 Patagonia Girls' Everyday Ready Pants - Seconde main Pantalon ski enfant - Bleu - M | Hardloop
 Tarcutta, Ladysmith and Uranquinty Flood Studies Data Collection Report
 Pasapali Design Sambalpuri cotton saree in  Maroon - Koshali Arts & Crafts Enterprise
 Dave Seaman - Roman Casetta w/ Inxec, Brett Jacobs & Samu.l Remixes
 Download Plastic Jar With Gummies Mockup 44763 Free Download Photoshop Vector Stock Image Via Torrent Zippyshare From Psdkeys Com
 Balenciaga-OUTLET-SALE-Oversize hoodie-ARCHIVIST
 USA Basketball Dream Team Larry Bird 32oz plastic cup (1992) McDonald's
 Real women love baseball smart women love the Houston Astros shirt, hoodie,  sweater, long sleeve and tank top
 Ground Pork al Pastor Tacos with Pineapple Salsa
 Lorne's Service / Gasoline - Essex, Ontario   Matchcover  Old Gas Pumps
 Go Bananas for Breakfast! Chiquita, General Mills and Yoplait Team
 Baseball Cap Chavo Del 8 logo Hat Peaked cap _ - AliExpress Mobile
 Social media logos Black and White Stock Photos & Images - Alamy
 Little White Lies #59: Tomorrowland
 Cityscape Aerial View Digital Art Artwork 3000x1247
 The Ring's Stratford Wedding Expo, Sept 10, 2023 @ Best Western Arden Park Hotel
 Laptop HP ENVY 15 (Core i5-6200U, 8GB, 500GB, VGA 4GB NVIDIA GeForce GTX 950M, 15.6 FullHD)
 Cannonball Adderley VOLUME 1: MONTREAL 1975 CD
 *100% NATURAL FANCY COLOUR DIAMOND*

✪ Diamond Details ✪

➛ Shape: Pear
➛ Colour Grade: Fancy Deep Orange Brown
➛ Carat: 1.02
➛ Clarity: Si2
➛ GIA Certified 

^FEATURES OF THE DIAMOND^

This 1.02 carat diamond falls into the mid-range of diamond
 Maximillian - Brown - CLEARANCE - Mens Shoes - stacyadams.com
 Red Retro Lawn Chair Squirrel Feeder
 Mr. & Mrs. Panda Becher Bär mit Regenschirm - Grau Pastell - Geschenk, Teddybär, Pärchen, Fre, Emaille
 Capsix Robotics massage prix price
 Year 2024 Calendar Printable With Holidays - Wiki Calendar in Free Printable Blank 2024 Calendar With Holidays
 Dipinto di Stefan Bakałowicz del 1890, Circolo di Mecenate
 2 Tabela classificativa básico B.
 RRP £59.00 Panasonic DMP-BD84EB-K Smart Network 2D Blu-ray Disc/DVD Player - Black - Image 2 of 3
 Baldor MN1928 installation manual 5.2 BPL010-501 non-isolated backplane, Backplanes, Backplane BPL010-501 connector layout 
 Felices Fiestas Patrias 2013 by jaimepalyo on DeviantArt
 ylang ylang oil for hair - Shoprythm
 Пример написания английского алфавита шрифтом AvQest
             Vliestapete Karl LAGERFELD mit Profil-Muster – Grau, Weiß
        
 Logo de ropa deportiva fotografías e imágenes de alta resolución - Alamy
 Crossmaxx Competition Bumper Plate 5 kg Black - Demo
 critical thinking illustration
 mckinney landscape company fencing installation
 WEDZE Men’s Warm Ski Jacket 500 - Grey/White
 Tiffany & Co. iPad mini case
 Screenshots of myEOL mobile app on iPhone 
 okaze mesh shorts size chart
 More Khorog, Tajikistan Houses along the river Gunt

[Instructions for the task] Everything in the material above from the line that has "Real women love" through the line that has "Felices Fiestas Patrias" must be duplicated exactly, with no other lines given.

[The completed task]
 Real women love baseball smart women love the Houston Astros shirt, hoodie,  sweater, long sleeve and tank top
 Ground Pork al Pastor Tacos with Pineapple Salsa
 Lorne's Service / Gasoline - Essex, Ontario   Matchcover  Old Gas Pumps
 Go Bananas for Breakfast! Chiquita, General Mills and Yoplait Team
 Baseball Cap Chavo Del 8 logo Hat Peaked cap _ - AliExpress Mobile
 Social media logos Black and White Stock Photos & Images - Alamy
 Little White Lies #59: Tomorrowland
 Cityscape Aerial View Digital Art Artwork 3000x1247
 The Ring's Stratford Wedding Expo, Sept 10, 2023 @ Best Western Arden Park Hotel
 Laptop HP ENVY 15 (Core i5-6200U, 8GB, 500GB, VGA 4GB NVIDIA GeForce GTX 950M, 15.6 FullHD)
 Cannonball Adderley VOLUME 1: MONTREAL 1975 CD
 *100% NATURAL FANCY COLOUR DIAMOND*

✪ Diamond Details ✪

➛ Shape: Pear
➛ Colour Grade: Fancy Deep Orange Brown
➛ Carat: 1.02
➛ Clarity: Si2
➛ GIA Certified 

^FEATURES OF THE DIAMOND^

This 1.02 carat diamond falls into the mid-range of diamond
 Maximillian - Brown - CLEARANCE - Mens Shoes - stacyadams.com
 Red Retro Lawn Chair Squirrel Feeder
 Mr. & Mrs. Panda Becher Bär mit Regenschirm - Grau Pastell - Geschenk, Teddybär, Pärchen, Fre, Emaille
 Capsix Robotics massage prix price
 Year 2024 Calendar Printable With Holidays - Wiki Calendar in Free Printable Blank 2024 Calendar With Holidays
 Dipinto di Stefan Bakałowicz del 1890, Circolo di Mecenate
 2 Tabela classificativa básico B.
 RRP £59.00 Panasonic DMP-BD84EB-K Smart Network 2D Blu-ray Disc/DVD Player - Black - Image 2 of 3
 Baldor MN1928 installation manual 5.2 BPL010-501 non-isolated backplane, Backplanes, Backplane BPL010-501 connector layout 
 Felices Fiestas Patrias 2013 by jaimepalyo on DeviantArt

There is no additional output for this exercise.